▸ Exercise details
In the entries that follow, repeat exactly the lines from the one that has "Bacteria virus icons" through the one that has "Switzerland&#039;s Wendy Holdener", but omit pictures.

Data section: Begin

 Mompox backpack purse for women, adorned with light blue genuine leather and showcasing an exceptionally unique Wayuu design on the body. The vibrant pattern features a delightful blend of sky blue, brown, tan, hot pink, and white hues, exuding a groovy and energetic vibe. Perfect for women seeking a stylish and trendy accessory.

Data section: End
Data section: Begin

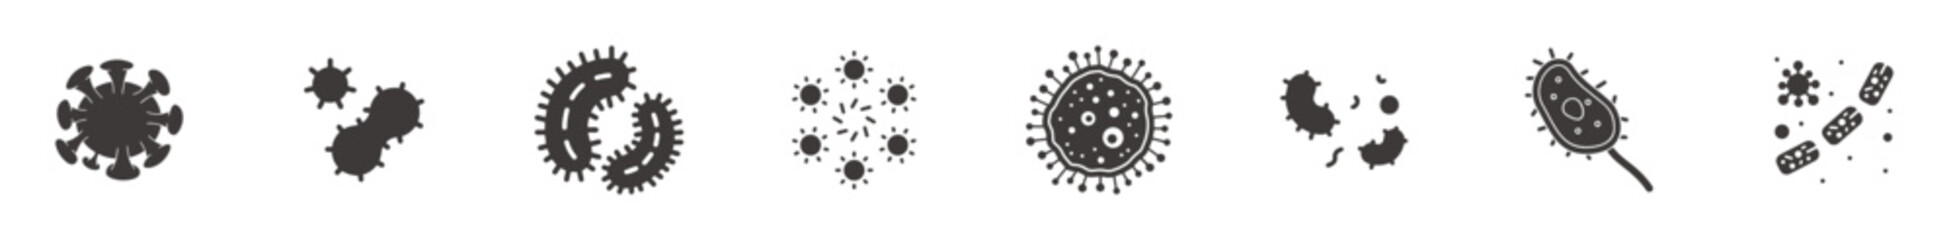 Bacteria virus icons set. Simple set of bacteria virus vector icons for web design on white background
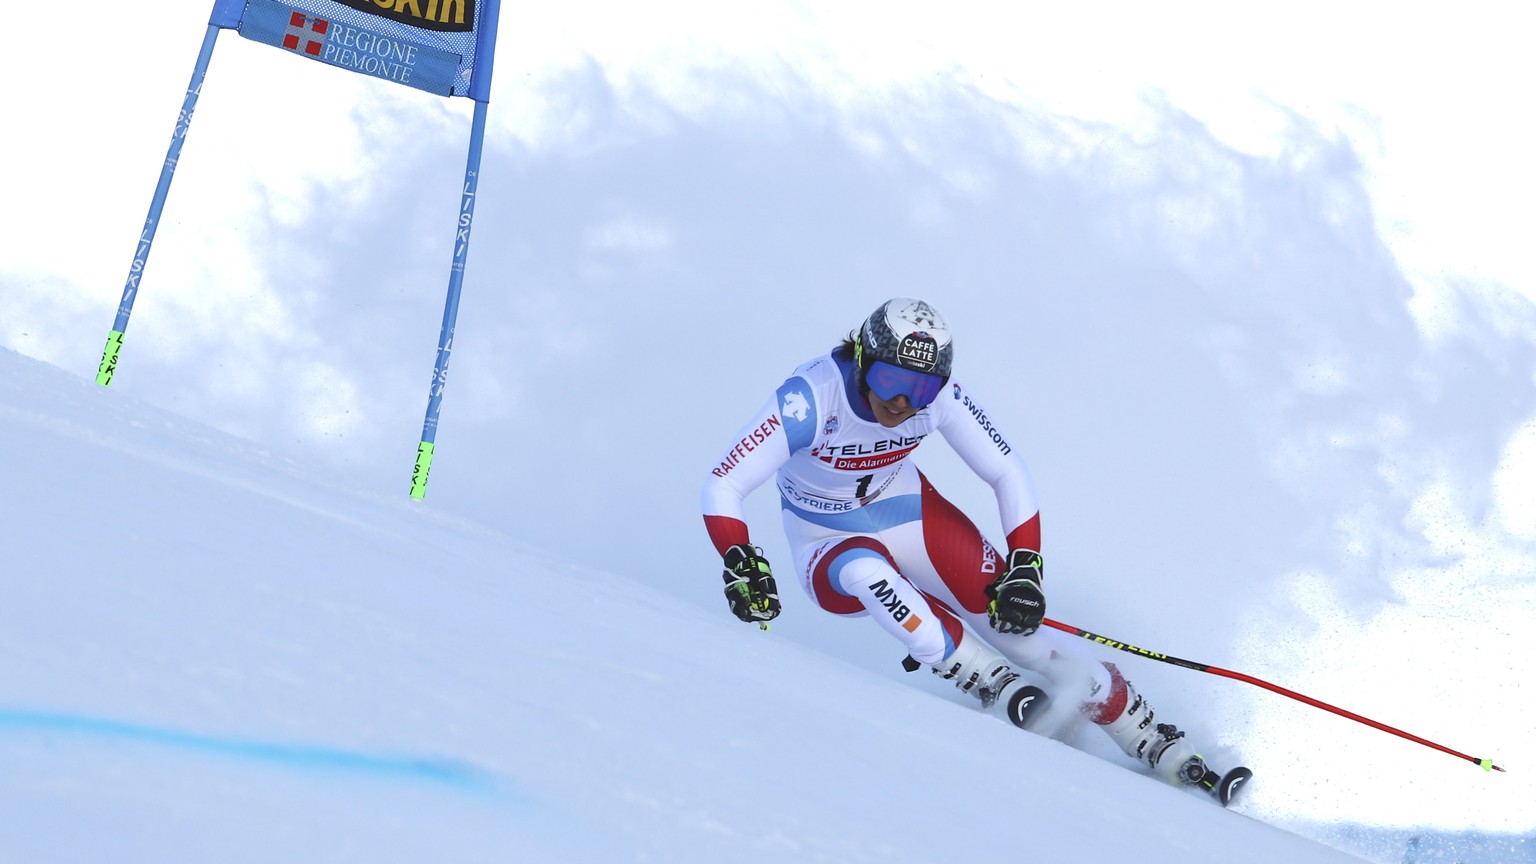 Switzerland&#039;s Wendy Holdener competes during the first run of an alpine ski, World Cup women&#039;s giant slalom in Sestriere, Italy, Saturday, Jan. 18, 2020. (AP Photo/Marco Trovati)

Data section: End
Data section: Begin

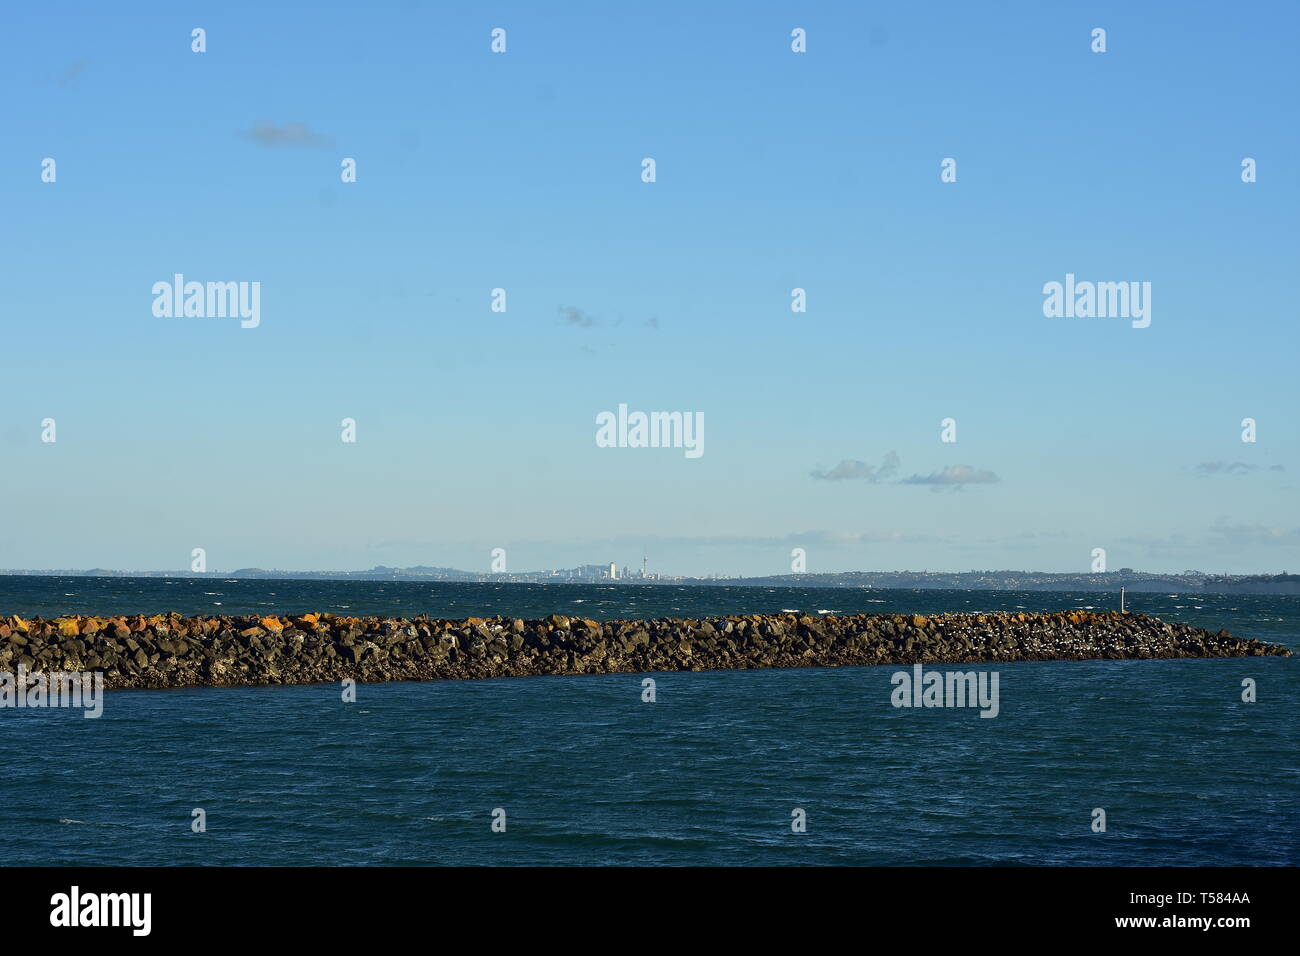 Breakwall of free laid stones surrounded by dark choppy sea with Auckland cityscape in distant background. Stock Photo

Data section: End

▸ Written response
 Bacteria virus icons set. Simple set of bacteria virus vector icons for web design on white background
 Switzerland&#039;s Wendy Holdener competes during the first run of an alpine ski, World Cup women&#039;s giant slalom in Sestriere, Italy, Saturday, Jan. 18, 2020. (AP Photo/Marco Trovati)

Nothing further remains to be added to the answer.